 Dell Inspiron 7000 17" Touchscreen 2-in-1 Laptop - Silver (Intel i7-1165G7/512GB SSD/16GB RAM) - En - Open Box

***

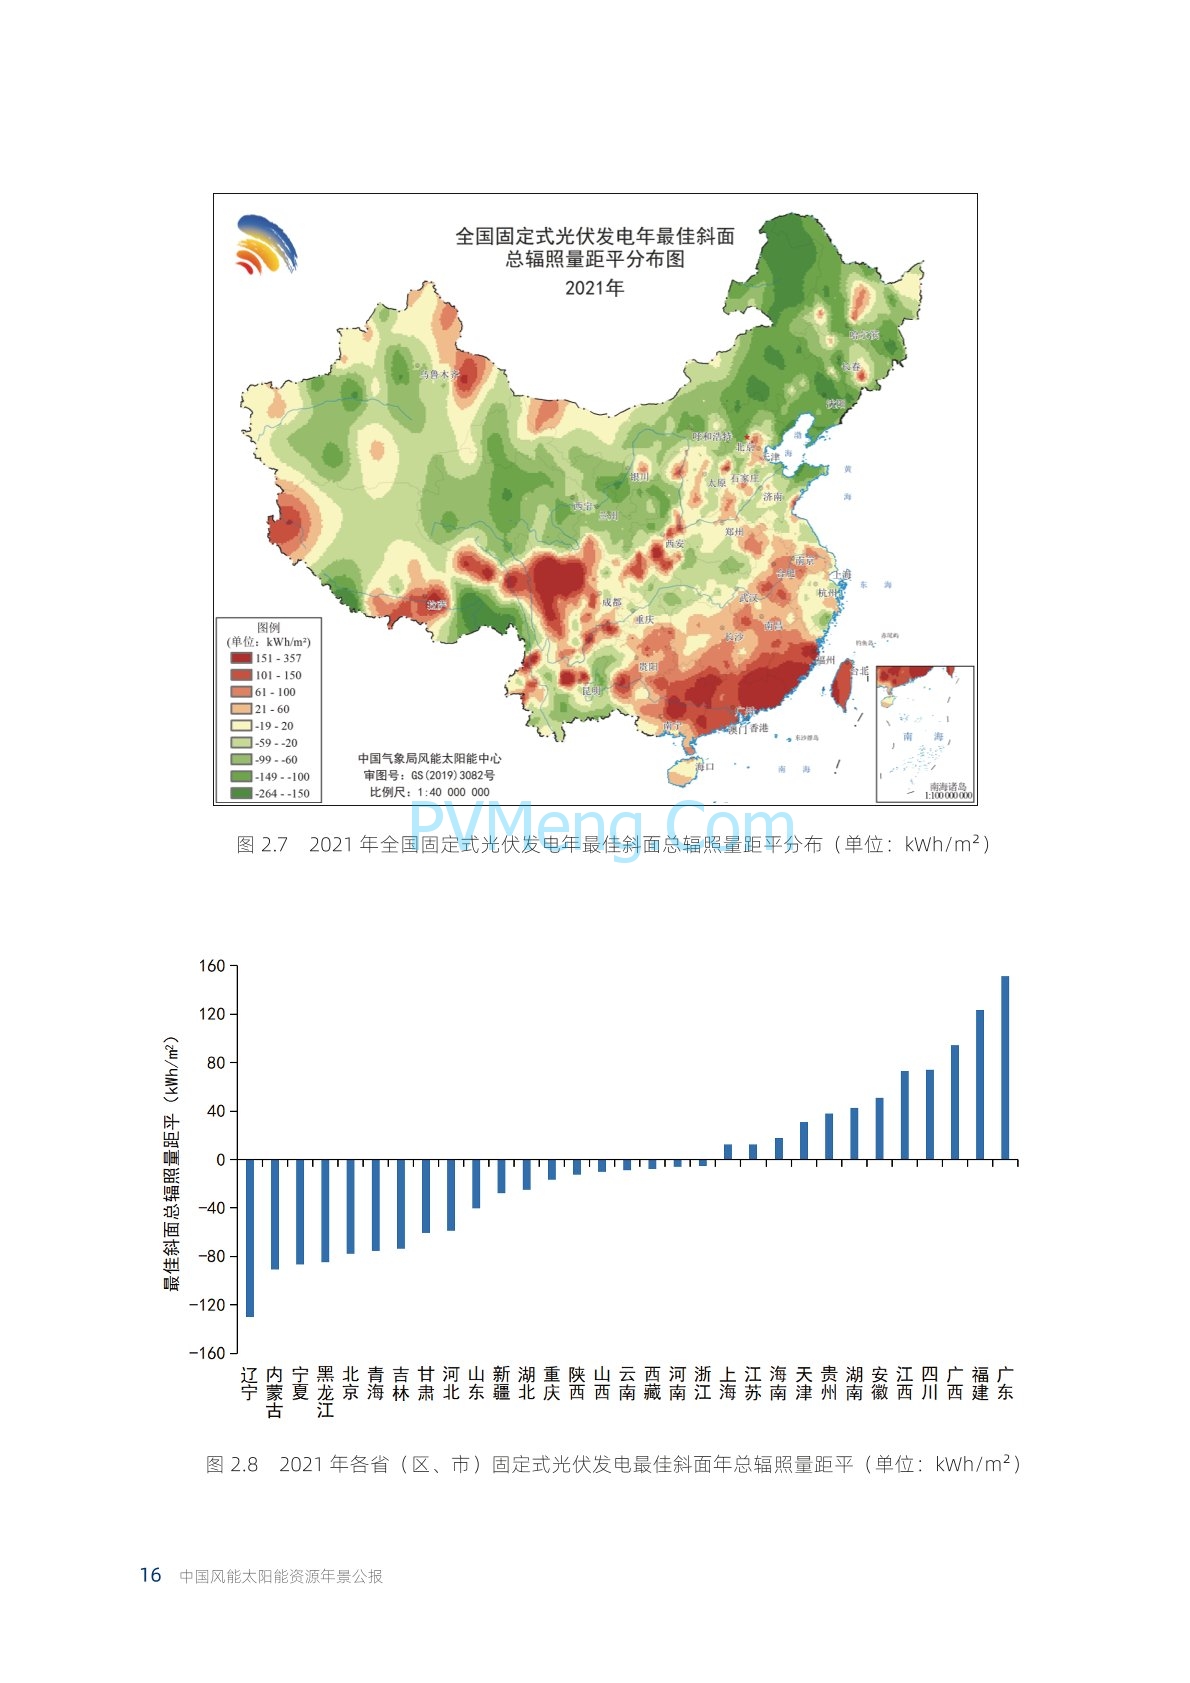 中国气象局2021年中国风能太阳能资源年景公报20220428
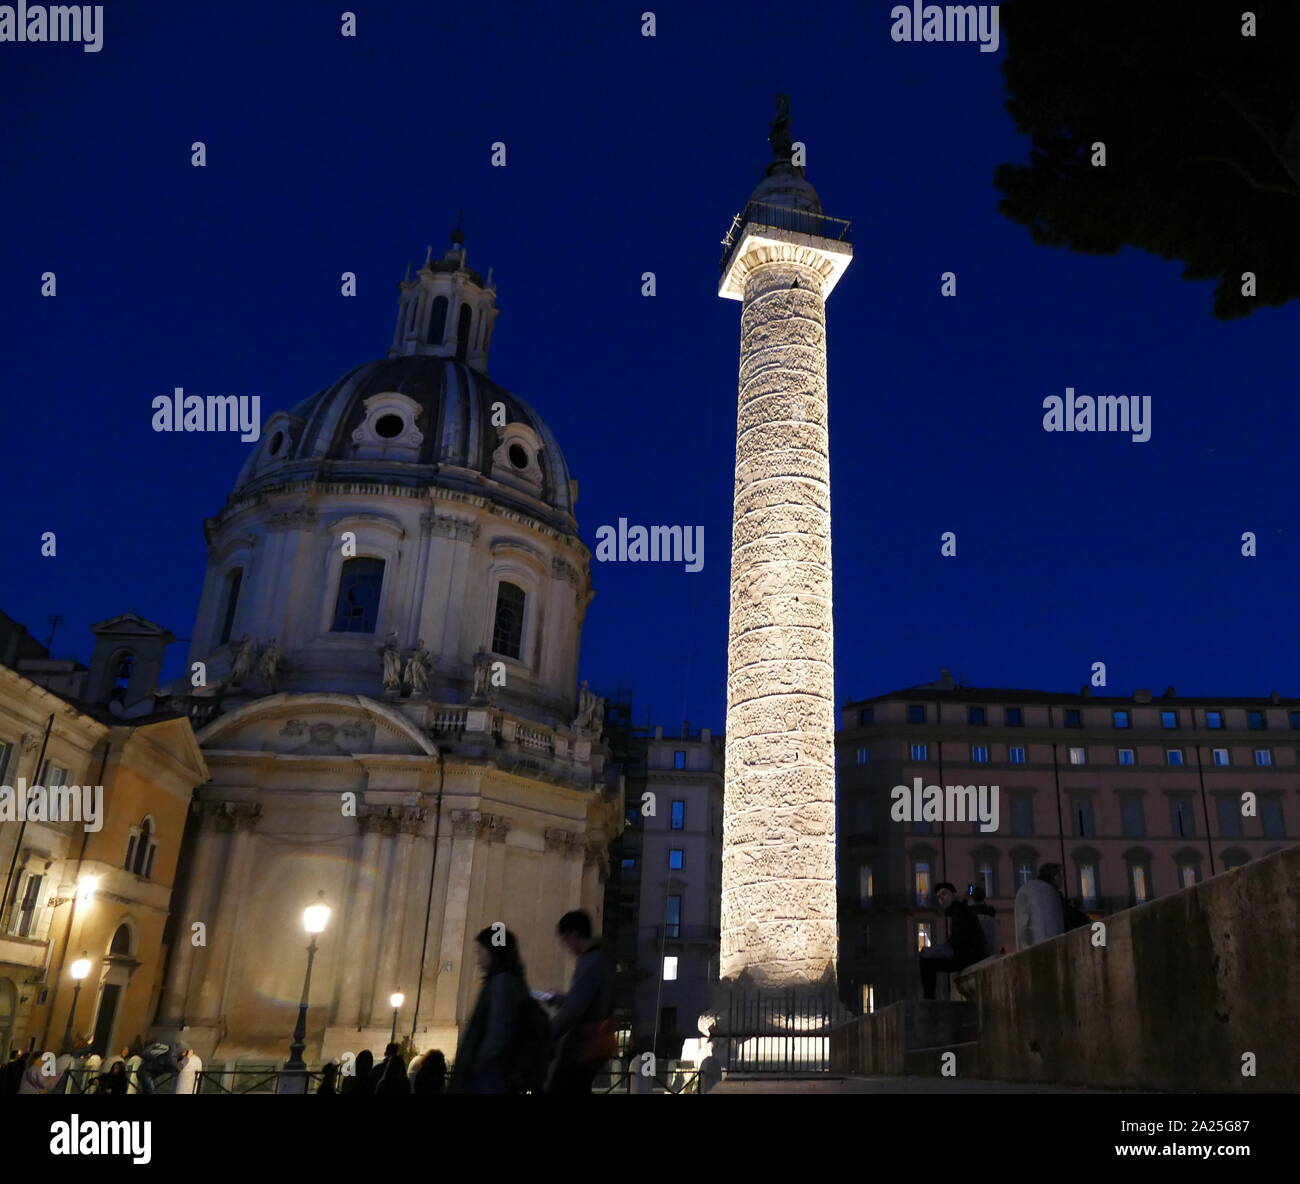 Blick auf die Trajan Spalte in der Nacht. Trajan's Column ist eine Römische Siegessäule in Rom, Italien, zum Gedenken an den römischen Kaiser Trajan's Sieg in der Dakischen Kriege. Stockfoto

***

> [Activity] Out of the records above, set down only the lines from the one that contains "中国气象局2021年中国风能太阳能资源年景公报20220428" through the one that contains "Blick auf die", unchanged and without the pictures.

> [Worked solution]
 中国气象局2021年中国风能太阳能资源年景公报20220428
 Blick auf die Trajan Spalte in der Nacht. Trajan's Column ist eine Römische Siegessäule in Rom, Italien, zum Gedenken an den römischen Kaiser Trajan's Sieg in der Dakischen Kriege. Stockfoto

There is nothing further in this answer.